## What the task asks
Lines below starting with the line with "AMPLIFICATORE MARSHALL mod." and going on through the line with "Junama Mirror, baby" must be output exactly; the rest of the records must be left out.

## Given records
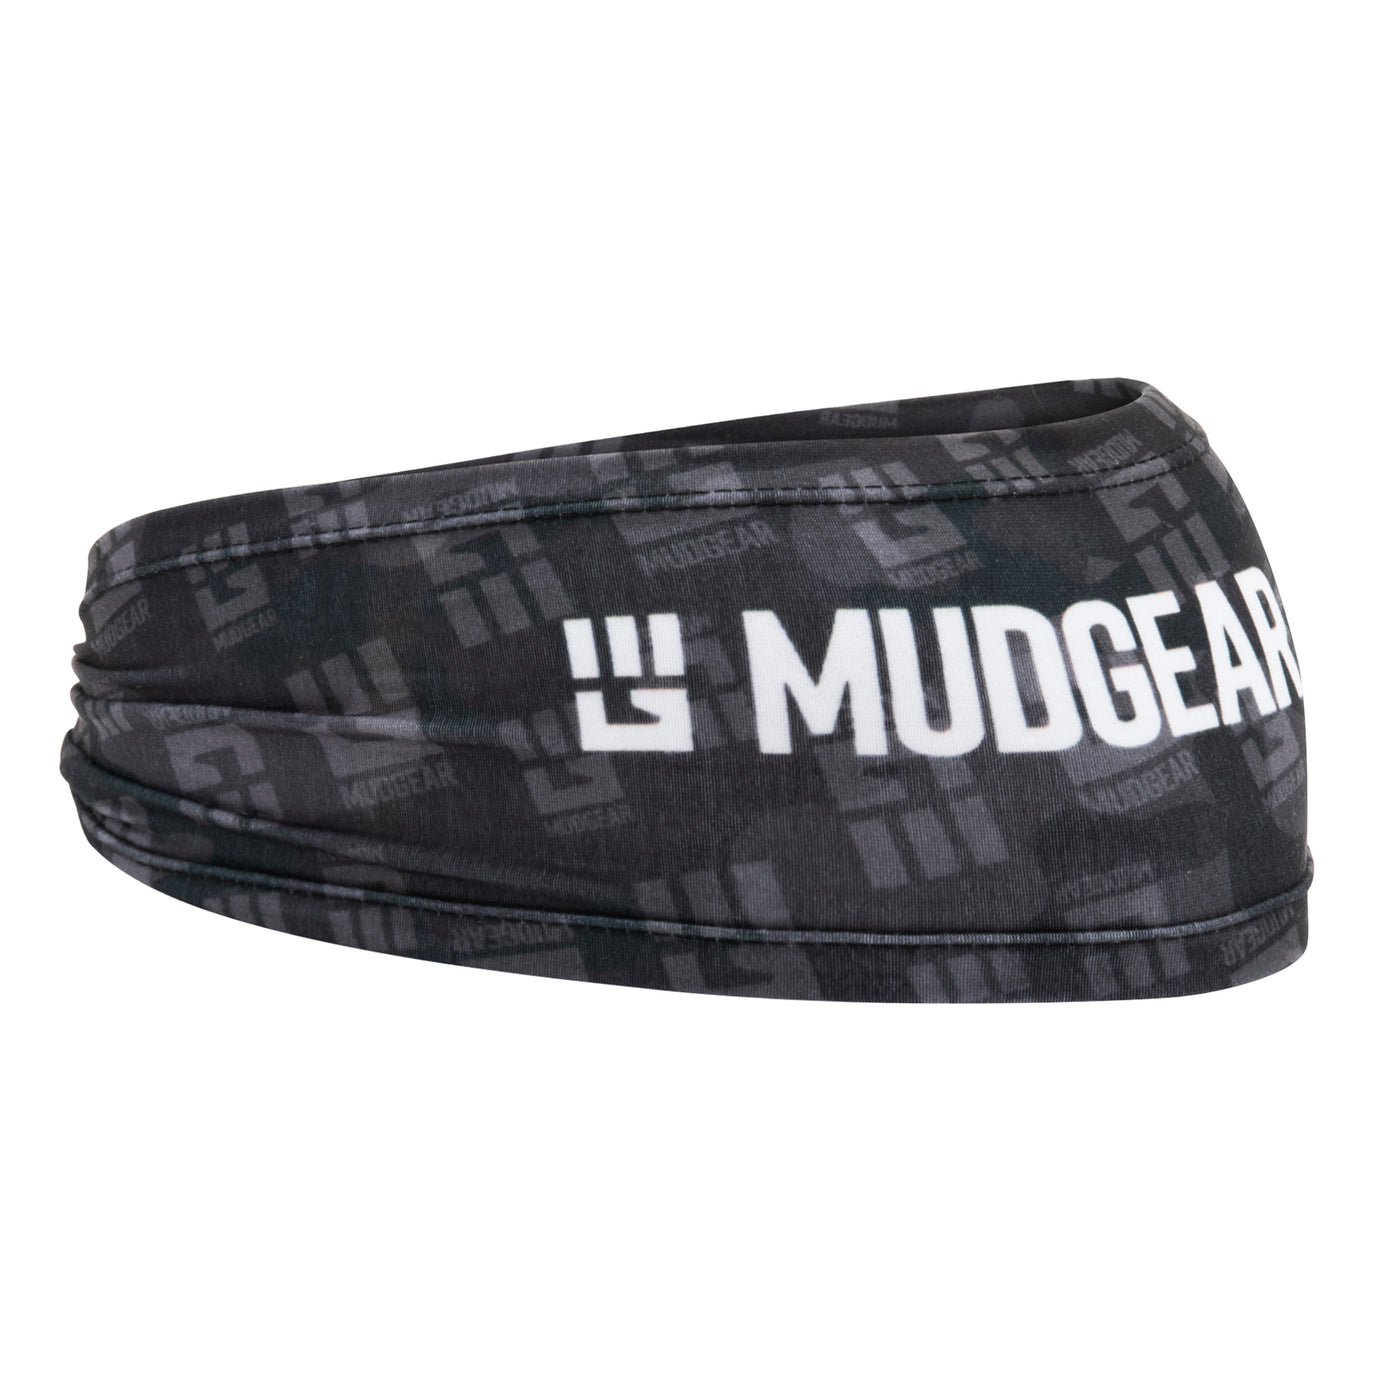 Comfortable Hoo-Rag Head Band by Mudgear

---

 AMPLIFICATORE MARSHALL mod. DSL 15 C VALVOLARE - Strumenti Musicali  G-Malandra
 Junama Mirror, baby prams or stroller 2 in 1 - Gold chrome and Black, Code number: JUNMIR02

---

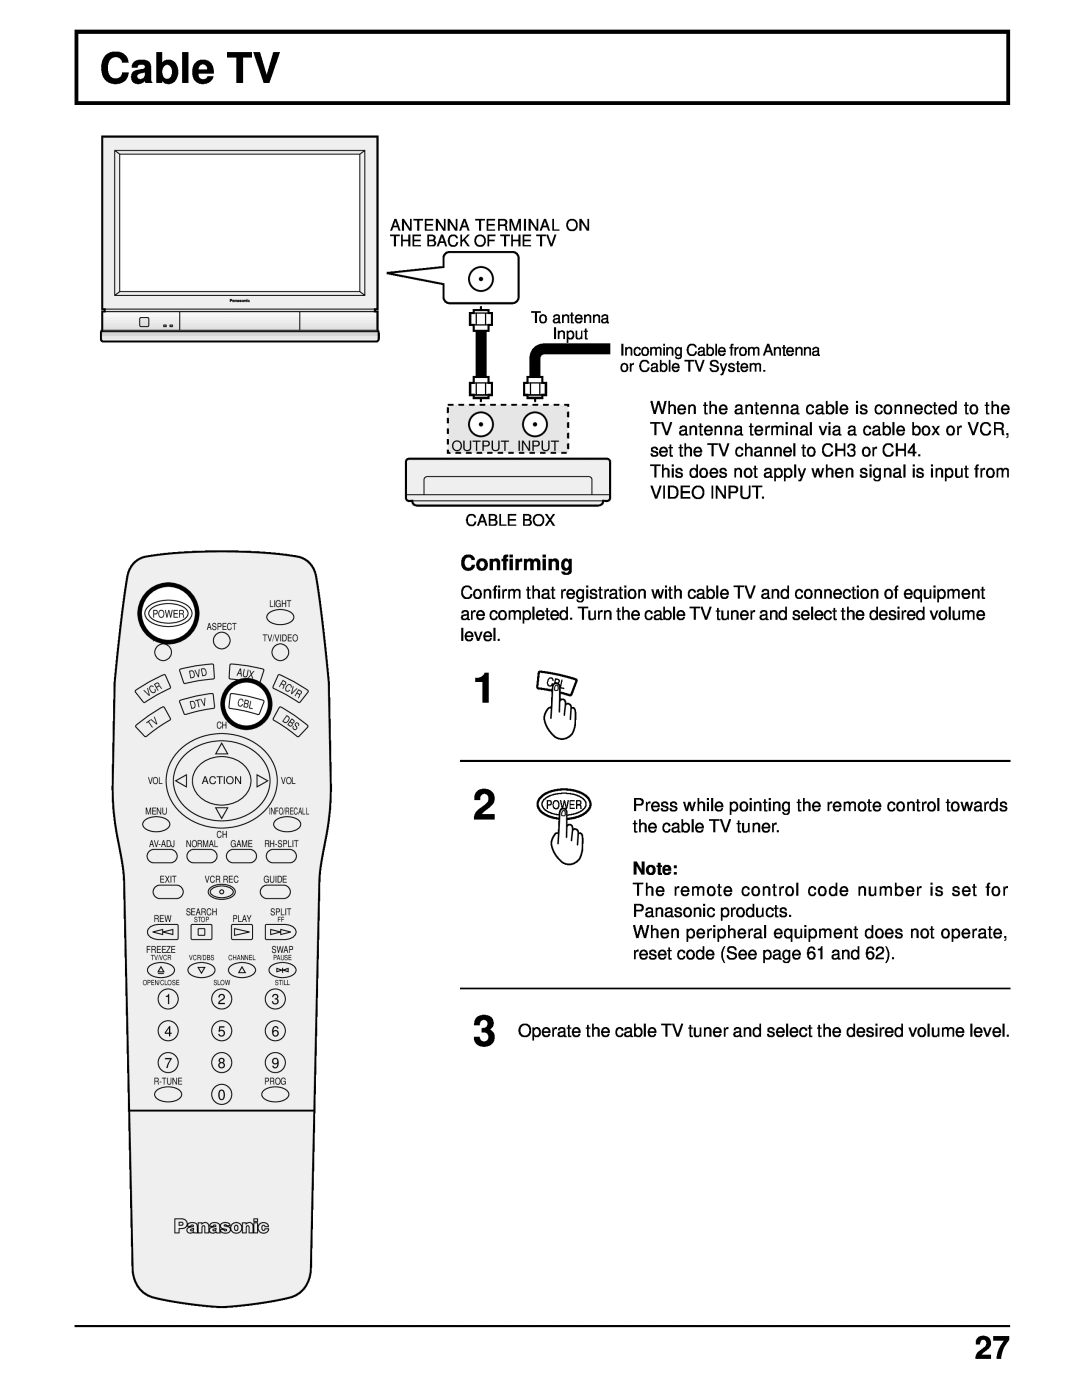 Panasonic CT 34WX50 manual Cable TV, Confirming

## Solution to this problem
 AMPLIFICATORE MARSHALL mod. DSL 15 C VALVOLARE - Strumenti Musicali  G-Malandra
 Junama Mirror, baby prams or stroller 2 in 1 - Gold chrome and Black, Code number: JUNMIR02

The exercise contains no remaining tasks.